Low-Energy Kinks: Electron-Phonon Coupling
Figure 3 presents a series of experimentally measured and theoretical spectral functions near the Fermi level of the double-layer High-Tc superconductor Bi2212 (indicated by the red bars). At low binding energy 'kinks' are readily observed in the bandstructure and these features have been observed in many other cuprates, always with the same universal energy scale. These kinks arise due to coupling between the electrons and a bosonic mode(s) whose identity is of great interest since it is likely playing a key role in the cuprates and may be directly related to the pairing mechanism. The strength of the kink shows a distinct momentum dependence, strengthing as one moves from the nodal to anti-nodal regions of the Brillouin zone.
Fig 3: Calculated (upper panels) and measured (lower panels) ARPES spectra for Bi2212 along various directions in momentum space as indicated in the right most panel. For each cut, data for the normal (left) and superconducting (right) states are shown. More information can be found in Reference 2.
Our group has developed a model for these low energy renormalizations in terms of coupling between the electron and a spectrum of bosonic modes. Because of the underlying symmetries of the atomic orbitals of the CuO2 plane and the phonon eigenvectors, the electron-phonon coupling matrix elements have a strong momentum dependence and different modes are being highlighted in different regions of the Brillouin zone. We have also examined the temperature and doping dependence of these features and the evolution of the single-particle self-energies closely matches careful ARPES studies.

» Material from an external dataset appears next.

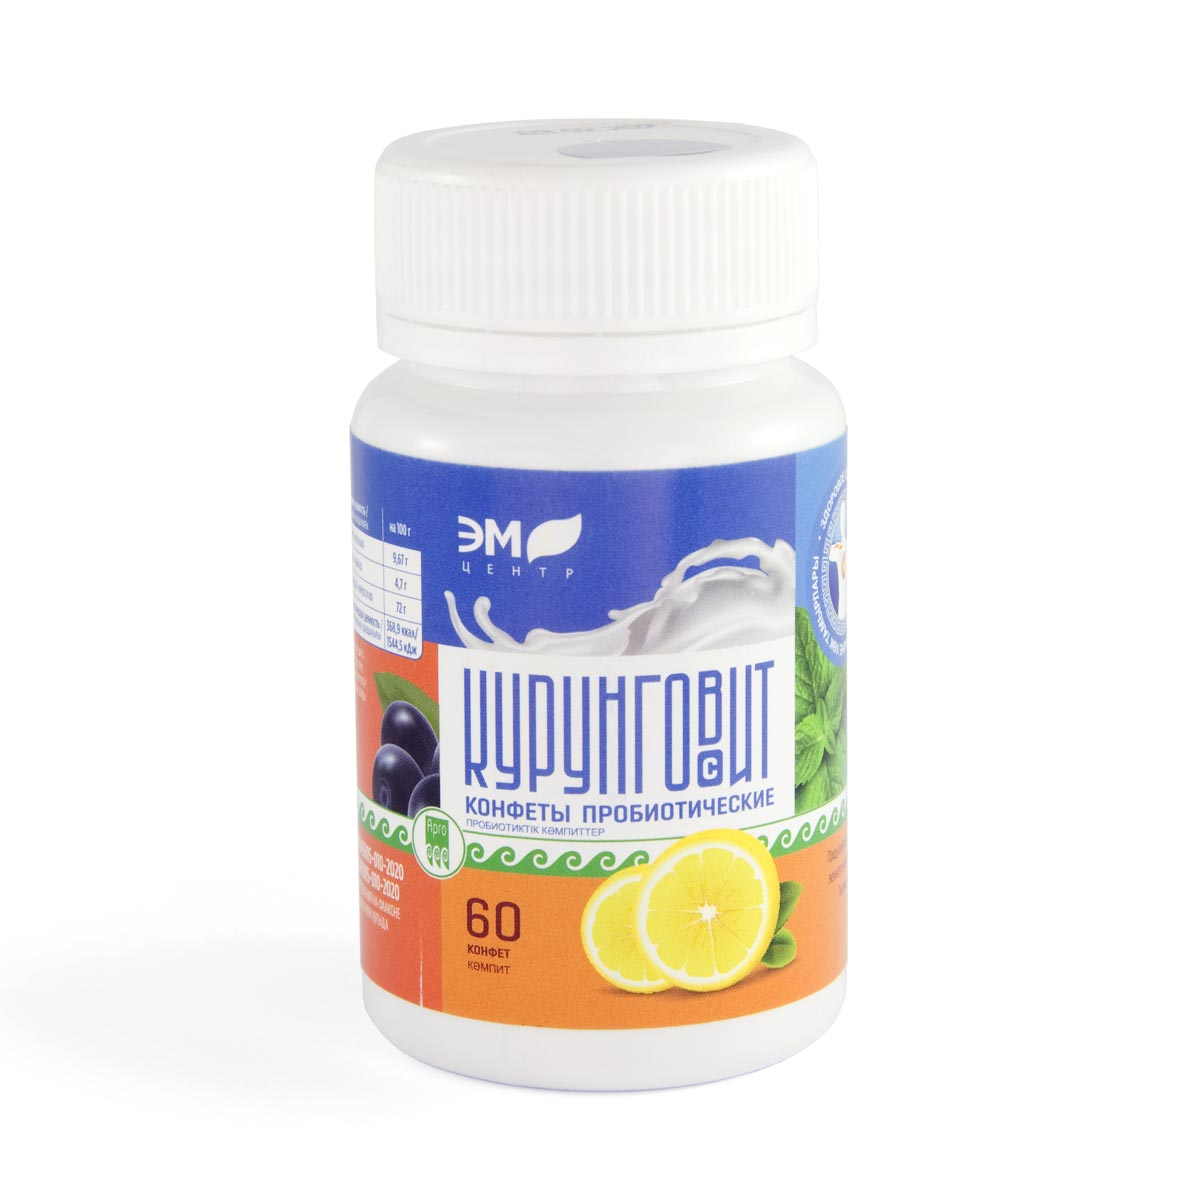 Конфеты пробиотические «Курунговит-С»

High-Energy Anomaly or Waterfalls: Electron Correlations
For strongly correlated systems - where the Coulomb interaction is strong and cannot be neglected - the evaluation of the spectral function is complicated by the interactions between the particles. As such, simple approximations that are useful for weakly interacting systems begin to breakdown and new approches must be employed. These strong interactions produce dramatic changes in the spectral function which have been observed in the electronic dispersion of the cuprates at large binding energies; this is the so called 'high-energy anomaly' (HEA) or 'waterfall'.
Fig 4: Spectral function along a nodal cut for a hole (left) and electron (right) doped superconductor near optimal doping showing the HEA.
Using determinant quantum Monte Carlo (DQMC) techniques we have been able to make direct contact with ARPES measurements in the cuprates for both hole- and electron-doped materials as well as the half-filled parent insulators. Below is summary of the calculated spectral functions derived from our simulations for the electron- and hole-doped single-band Hubbard model. Notice the non-trivial renormalization of the electron dispersion leading to the break-up or anomaly/waterfall at intermediate binding energies. These features mirror the results of recent ARPES experiments on doped cuprates.
Fig 5: Calculated spectral functions for the 14 percent hole- and 16 percent electron-doped single-band Hubbard model. Determinant quantum Monte Carlo was employed to handle the Hubbard model while maximum entropy methods (MEM) were used to perform the analytic continuation. Further details can be found in Reference 8.
Fig 6: Comparison between experiment and theory along different cuts in the Brillouin zone showing evolution of the HEA as a function of momentum in the electron doped material. Note that no additional ARPES matrix elements have been included in the results from simulation.